Thompson took advantage of the short break before his attacker dislodged his weapon to grab the man's forearms with his hands. The two fighters then danced an impossible waltz, arms in arms, the machete twirling in th
e air. Each tried to maneuver his opponent by force and bring him into a position where he could dispatch him. The man with an olive complexion swore at repetition in an unknown language. Thompson returned the favor with the liturgical blasphemies of his ancestors. A simple blunder freed them from their impasse. The fanatic tripped on an addict on the floor, falling back on the kitchen table, followed by Thompson. The table's legs immediately bent and the two protagonists continued to fall to the ground with a loud crash. The cultist's arm carrying the machete bore the combined weight of the two men and broke, emitting a dry noise. The contents of the table, a multitude of vases and jars filled with an unctuous and clear liquid, broke and emptied on the ground.

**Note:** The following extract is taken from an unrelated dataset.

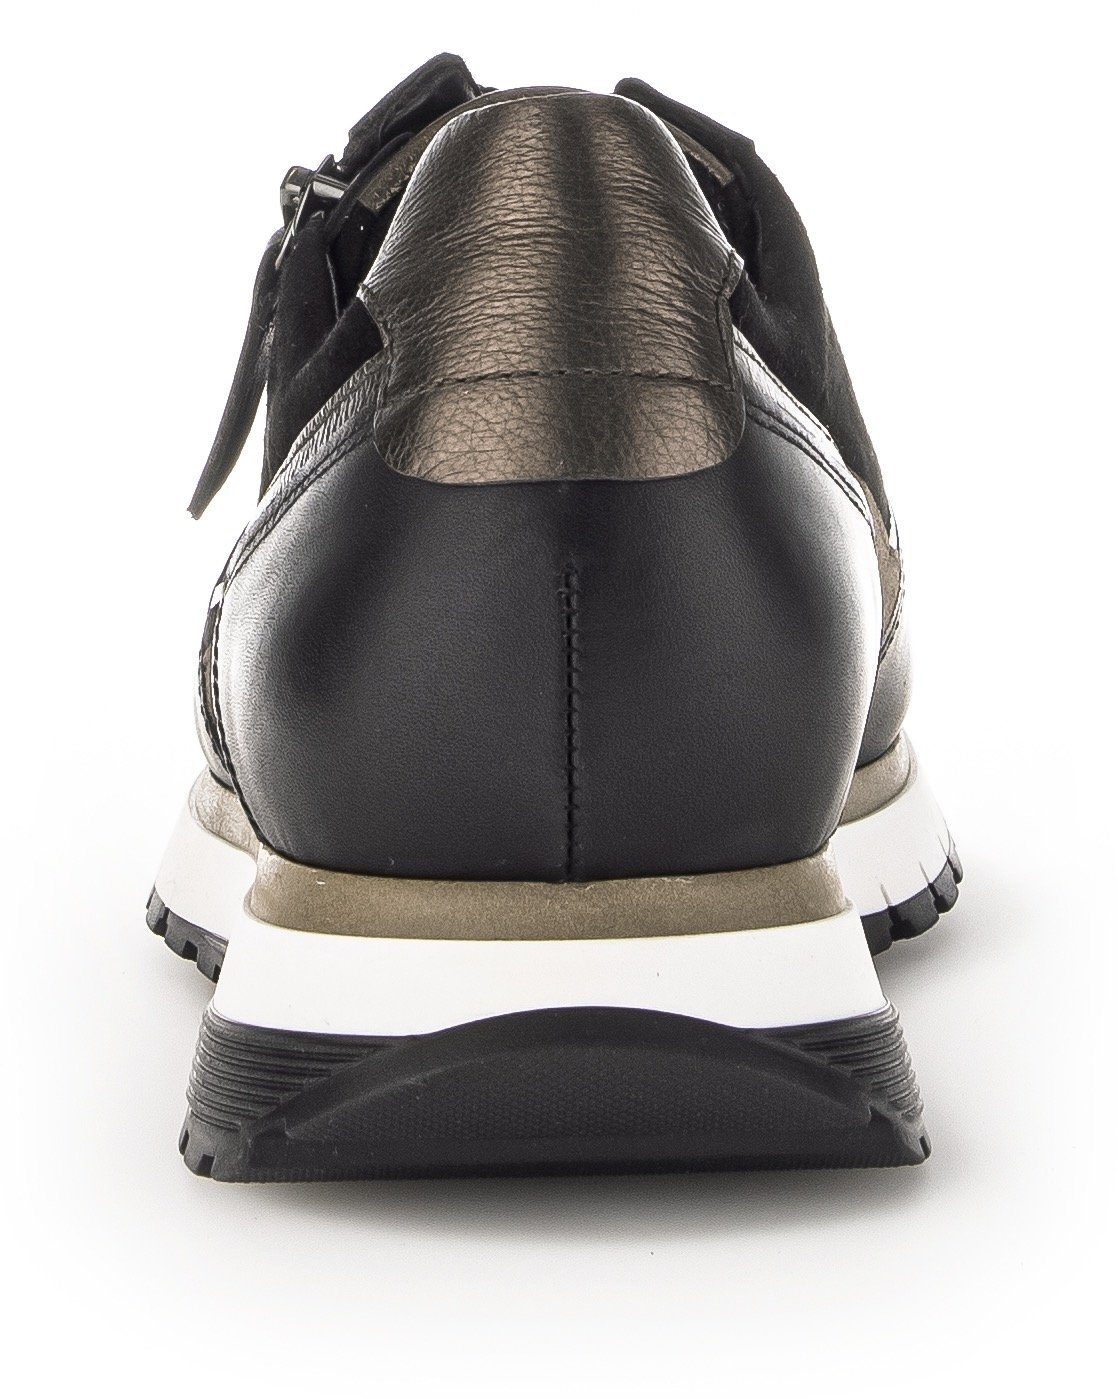 Gabor Turin Keilsneaker Komfort-Weite schwarz-taupe H in (sehr weit)

Shaking his head to recover his senses as his assailant howled in pain, Thompson got up as fast as he could, staggering slightly. From the entrance hall, he saw Muir coming into the kitchen, holding the young man in front of him with an inextricable arm grip. The prisoner had a deep cut on the scalp, from which a stream of blood flowed down his neck. His eyes, sharp and alert, were far from groggy, and rather expressed an unspeakable malice. There was no terror in that stare, which was as cheerful and arrogant as if the roles were reversed. Thompson put one knee on the back of his attacker, whose resistance was minimal after his initial frenzy. Mr. Lavoie came to join them in the kitchen, saying he had only seen a few drug addicts on the floor in the rest of the apartment. Thompson and Lavoie interrogated their prisoner while Muir kept his arms tied.
“We have nothing against you,” Thompson began reasonably. “We want the name of your leader. Tell us and we'll let you go.” The man did not answer. “We have evidence that you were involved in Anne's abduction. Unless I'm mistaken, you didn't commit the murder. You can still get away with it if you tell us who committed this heinous crime.